Reflexionen der eigenen Vergangenheit haben nicht das Ziel, irgendjemanden anzuklagen. Das Erkennen von Muster und Herkunft unseres eigenen Beziehungs- und Konfliktverhaltens trägt dazu bei, uns selbst besser verstehen und annehmen zu können. Und das ist die Basis zur Veränderung und zur Entwicklung wirksamer Lösungen.
Streit entsteht fast automatisch, wenn eine Person getriggert wird und unwillkürlich in eine Angriffs- oder Verteidigungshaltung umschaltet. Und das hat wieder mit unserem autonomen Nervensystem zu tun.
Unser Gehirn besteht grob vereinfacht gesagt aus drei Bereichen, die sich evolutionsbiologisch bottom-up, also im Schädel von hinten unten nach vorn oben, entwickelt haben. Der basale und älteste Bereich ist der Hirnstamm. Sein höchstes »Interesse« ist es, dass wir überleben. Er sorgt dafür, dass unser Herz schlägt und die Atmung sowie Stoffwechsel und Kreislauf funktionieren. Es gibt extreme Lebenssituationen wie z. B. einen Schock und traumatische Situationen, in denen alle höheren Hirnfunktionen kollabieren und nur noch der Hirnstamm arbeitet, damit wir überleben.

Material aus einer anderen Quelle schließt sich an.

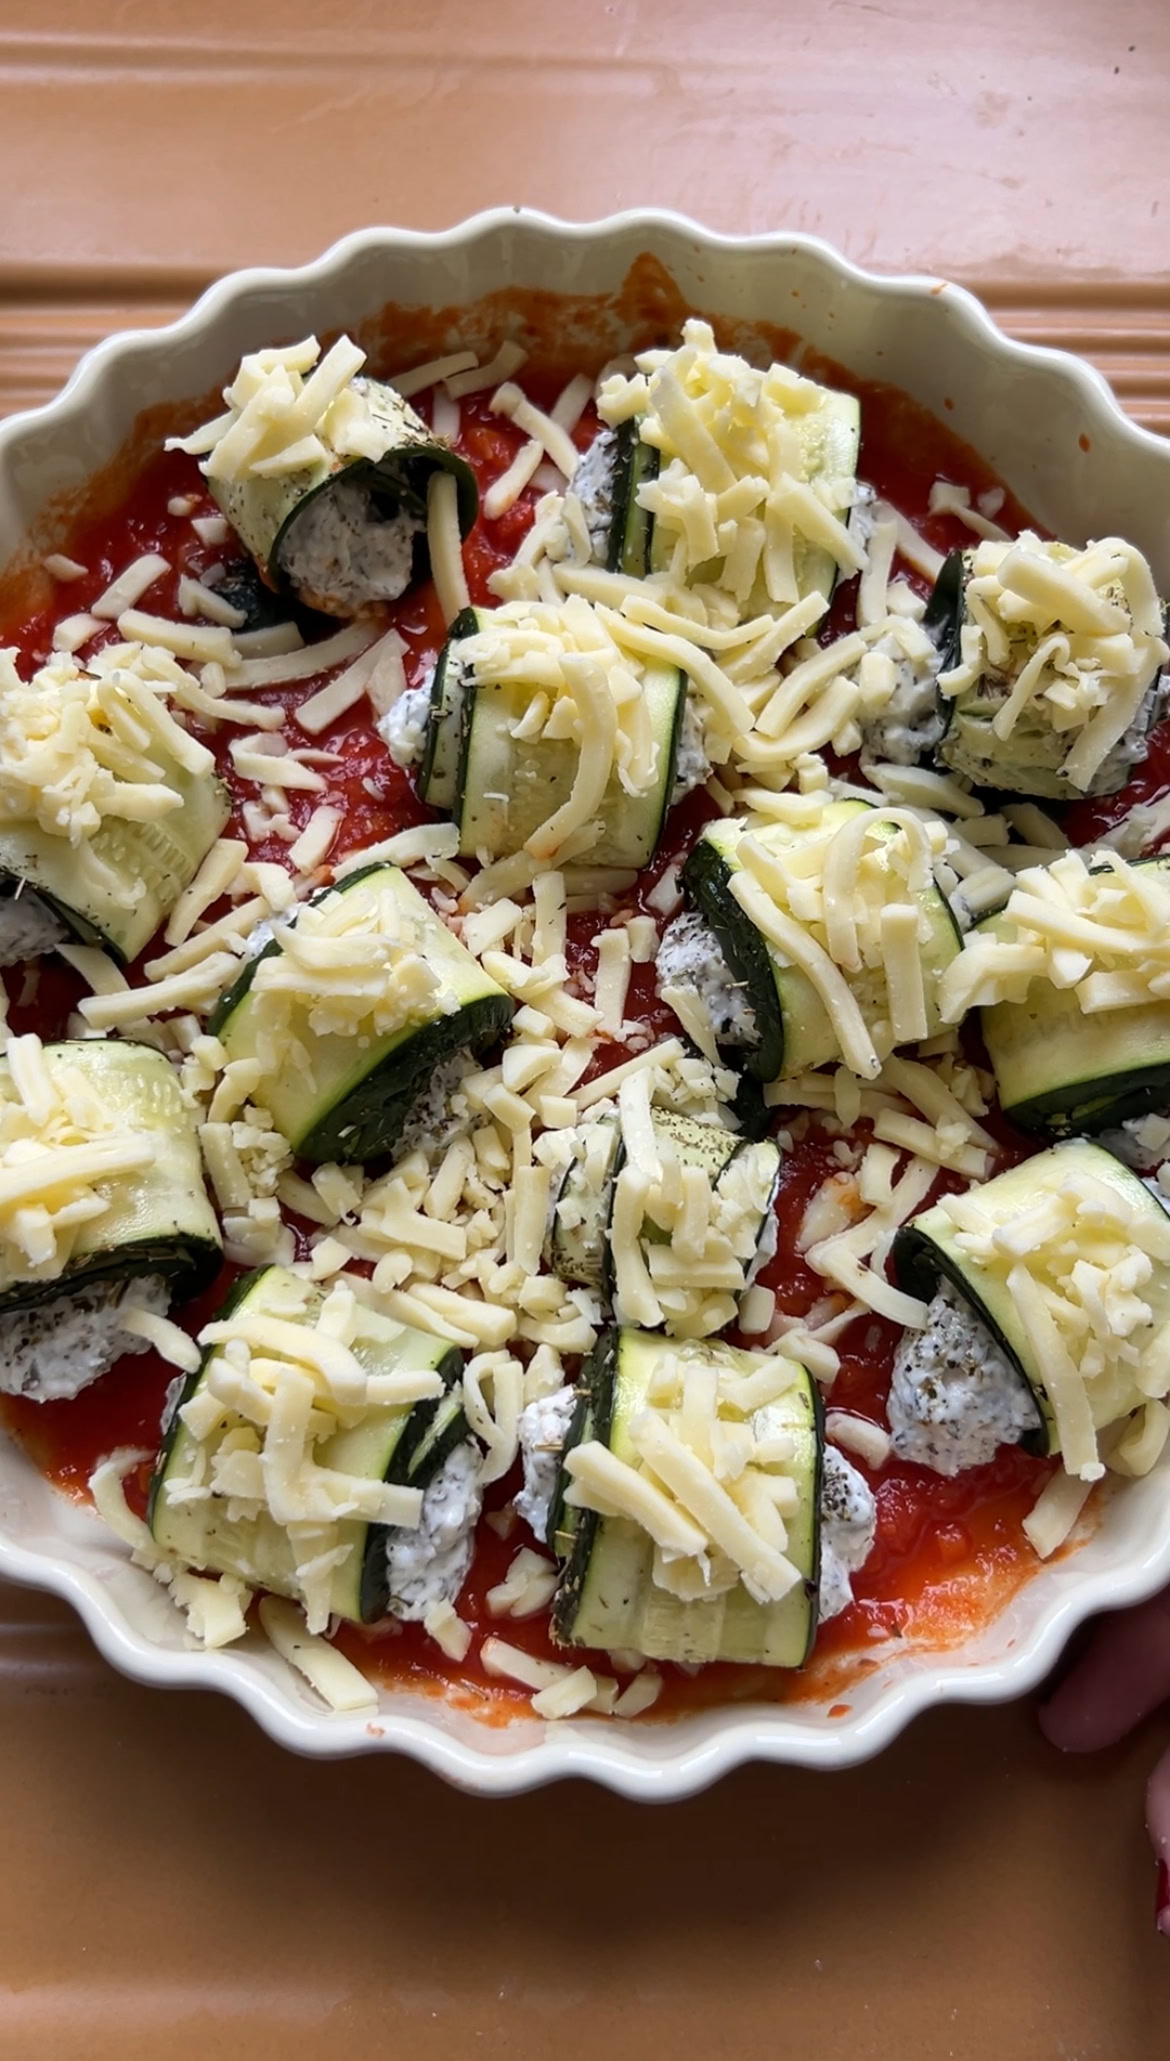 Grated mozzarella is added to the top of each involtini.
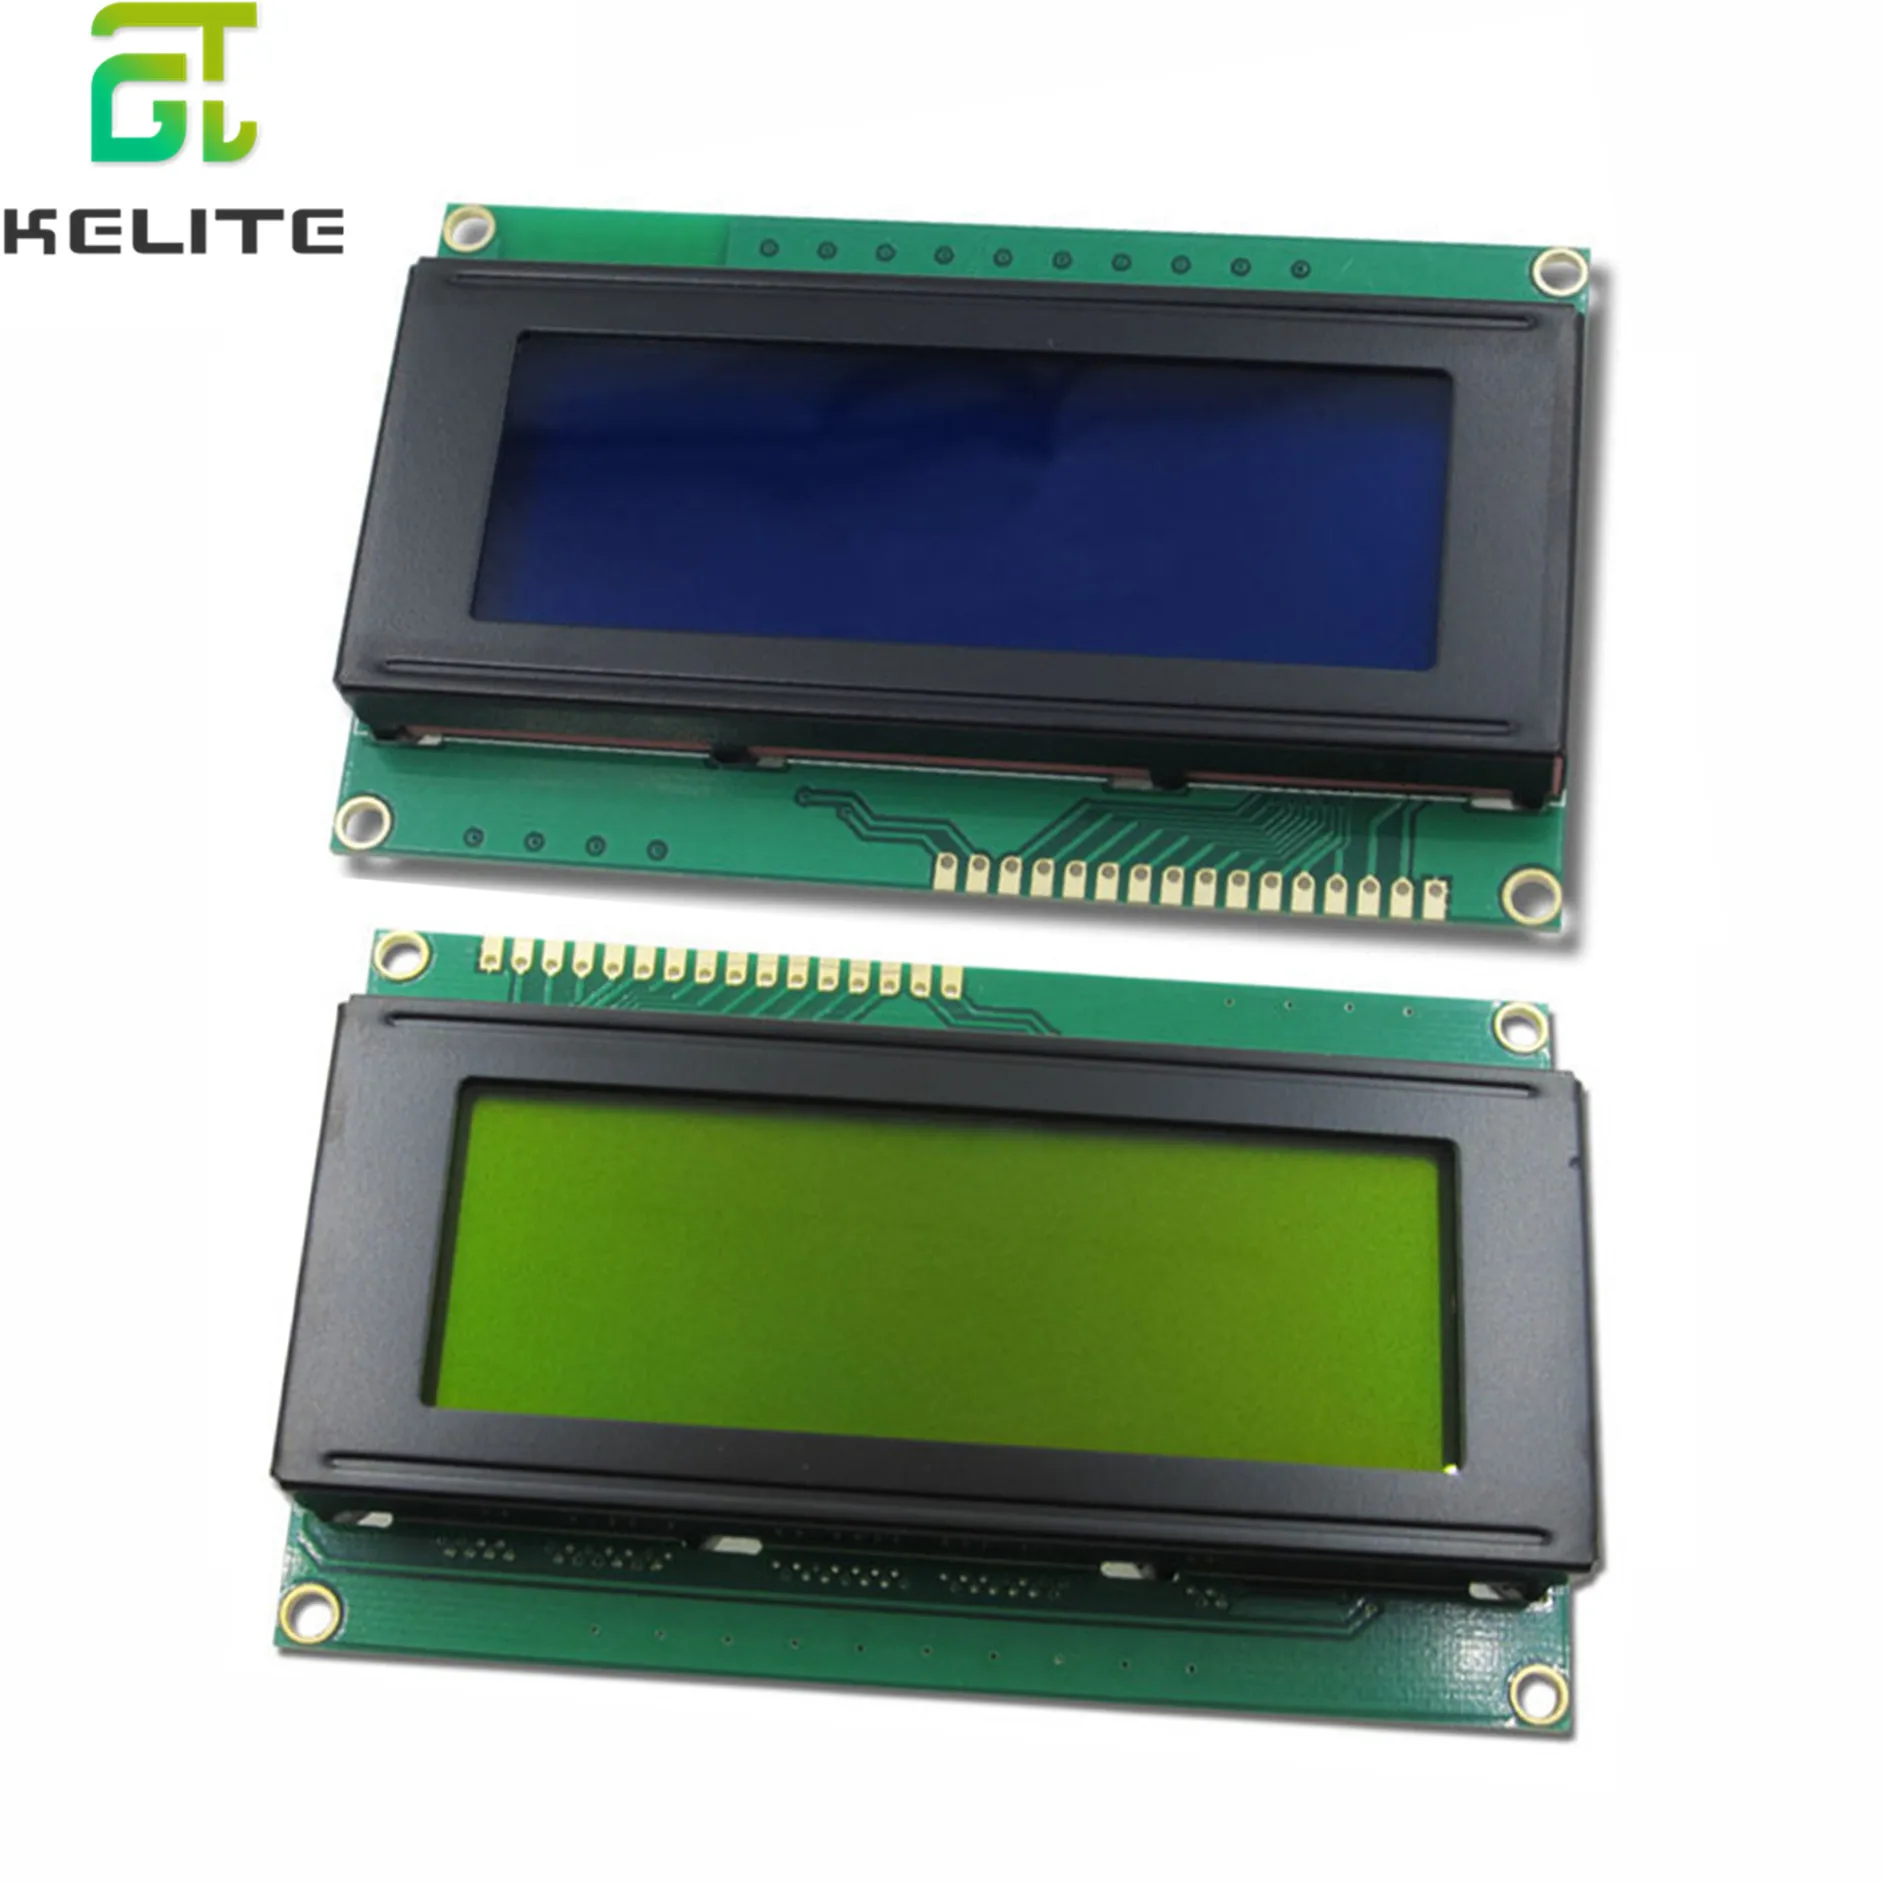 20pcs 20x4 LCD Modules 2004 LCD Module with LED Blue/Green Backlight White Character/Yellow Green 20x4 lcd modules 2004 lcd module with led blue backlight white character yellow green

Darüber liegt das evolutionsbiologisch jüngere limbische System. In diesem Bereich sind unsere Gefühle angesiedelt, die emotionale Alarmzentrale und auch unser Gedächtnis. Hier sind all unsere Erinnerungen in sortierter Form abgespeichert. Ausnahmen gibt es bei traumatisierten Menschen, bei denen manche Erinnerungen aufgrund des damals erlebten Stresses nicht chronologisch, sondern eher verstreut abgespeichert sind. Ein Körpergefühl, bestimmte Worte oder ein Geräusch können also ohne systematische Geschichte abgelegt sein und damit einzeln getriggert werden. Ein vergleichbares Geräusch oder ein Geruch alleine kann dann eine innere Kettenreaktion auslösen und den Organismus in den traumatischen Zustand zurückkatapultieren.
Im limbischen System gibt es auch ein Alarmsystem, das wir Amygdala nennen. Die Amygdala ist dafür zuständig, im gesamten Organismus Alarm auszulösen, sobald über die Sinne etwas erkannt wird, das in der Erinnerung irgendwann mal als Gefahr bewertet wurde. Und weil es für unser Nervensystem die höchste Priorität darstellt, unser Überleben zu sichern, ist die Amygdala so übergründlich, dass sie lieber zehnmal falsch positiven Alarm auslöst, als dass ihr eine Gefahr durch die Lappen geht.